The reason this works so beautifully is because of the elegance of unicode

If you are interested here is a nice video explaining it

https://www.youtube.com/watch?v=MijmeoH9LT4

Answers 2

I assume that you get an error "ORA-12704: character set mismatch" because your data inside quotes considered as char but your fields is nchar so chay collated using different charsets one using NLS_CHARACTERSET other NLS_NCHAR_CHARACTERSET.

When you use an UNISTR function, it converts data form char to nchar (besides that converts encoded values into characters) as oralce docs says:

"UNISTR takes as its argument a text literal or an expression that resolves to character data and returns it in the national character set."

But when you converts values explicitly using N or TO_NCHAR you get only value in NLS_NCHAR_CHARACTERSET without decoding. But if you have some values encoded like this "\00E0" they will not be decoded and will be considered as is.

So if you will get such insert:

   insert into  select N'my string with special chars like \00E0',      UNISTR('my string with special chars like \00E0') from dual .... 

your data in first inserting field will be: 'my string with special chars like \00E0' not 'my string with special chars like à'. This is the only side effect I'm aware of. Other queries should already use NLS_NCHAR_CHARACTERSET encoding, so it shouldn't be any problem using explicit conversion.

And by the way, why not just insert all values as N'my string with special chars like à', just encode them into UTF-16(I suppose that you use UTF-16 for ncahrs) first if you use different encoding in 'upper level' software.

Answers 3

  • use of n function - you have answers already above.

If you have any chance to change the charset of the database, that would really make your life easier. I was working on huge production systems, and found the trend that because of storage space is cheap, simply everyone moves to AL32UTF8 and the hassle of internationalization slowly becomes the painful memories of the past.

I found the easiest thing is to use AL32UTF8 as the charset of the database instance, and simply use varchar2 everywhere. We're reading and writing standard Java unicode strings via JDBC as bind variables without any harm, and fiddle.

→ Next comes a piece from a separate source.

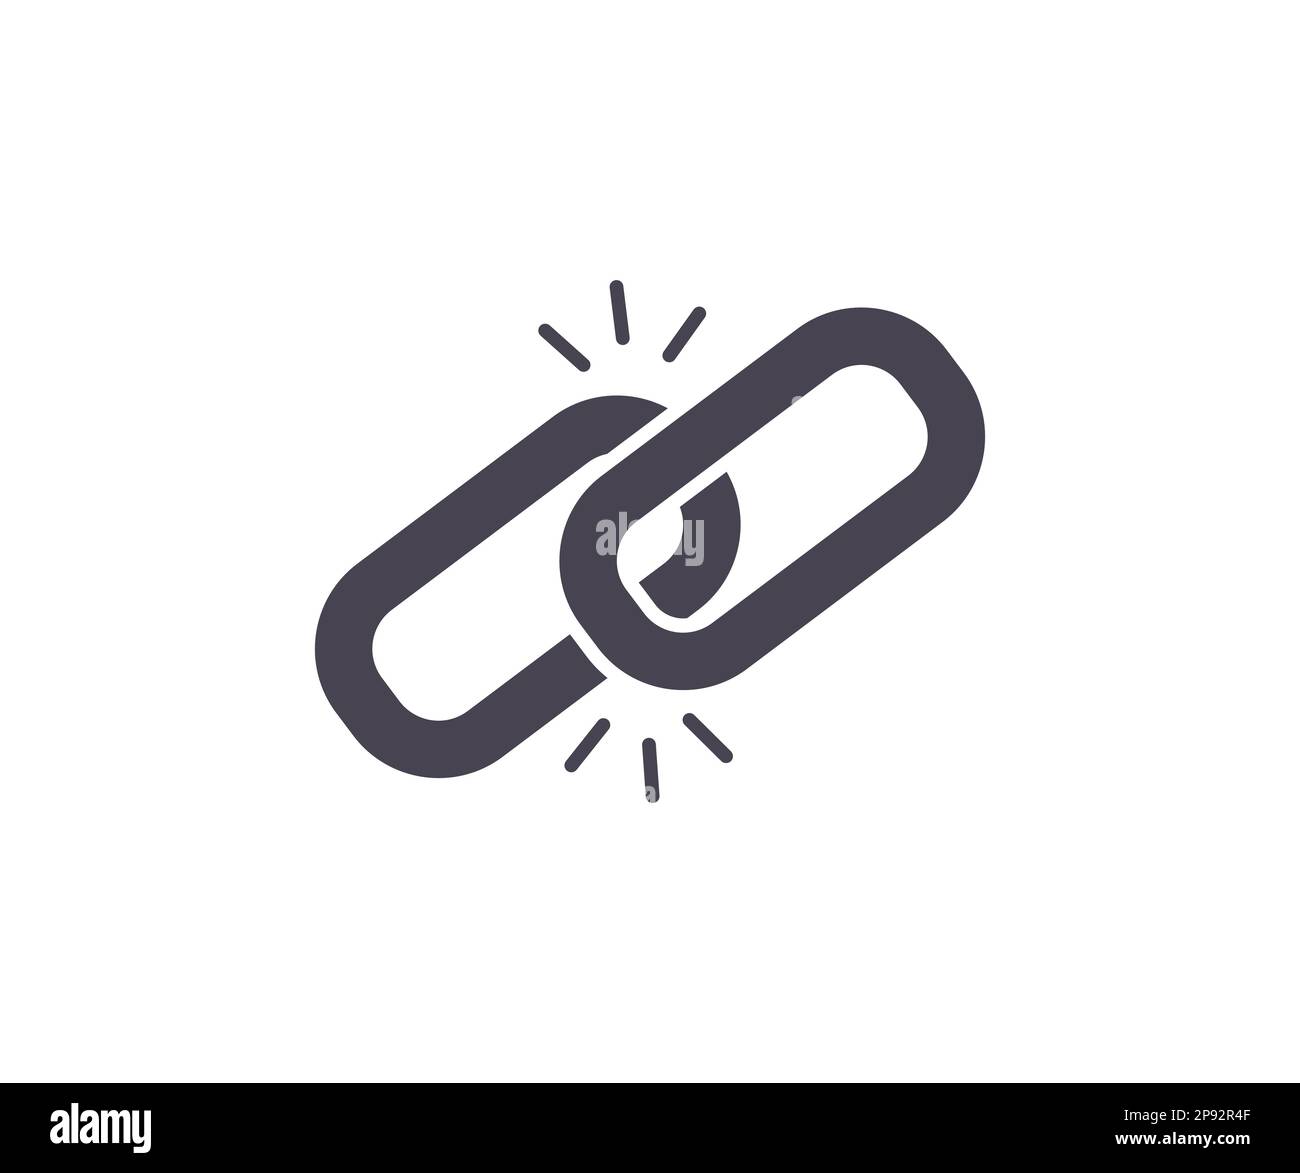 Chain thick line icon, outline vector sign logo design. Seamless shape, for graphic design of emblem, symbol, sign, badge, label, stamp, isolated. Stock Vector

Your idea to construct a huge text of SQL inserts may not scale well for multiple reasons:

  • there is a fixed length of maximum allowed SQL statement - so it won't work with 10000 inserts
  • it is advised to use bind variables (and then you don't have the n'xxx' vs unistr mess either)
  • the idea to create a new SQL statement dynamically is very resource unfriedly. It does not allow Oracle to cache any execution plan for anything, and will make Oracle hard parse your looong statement at each call.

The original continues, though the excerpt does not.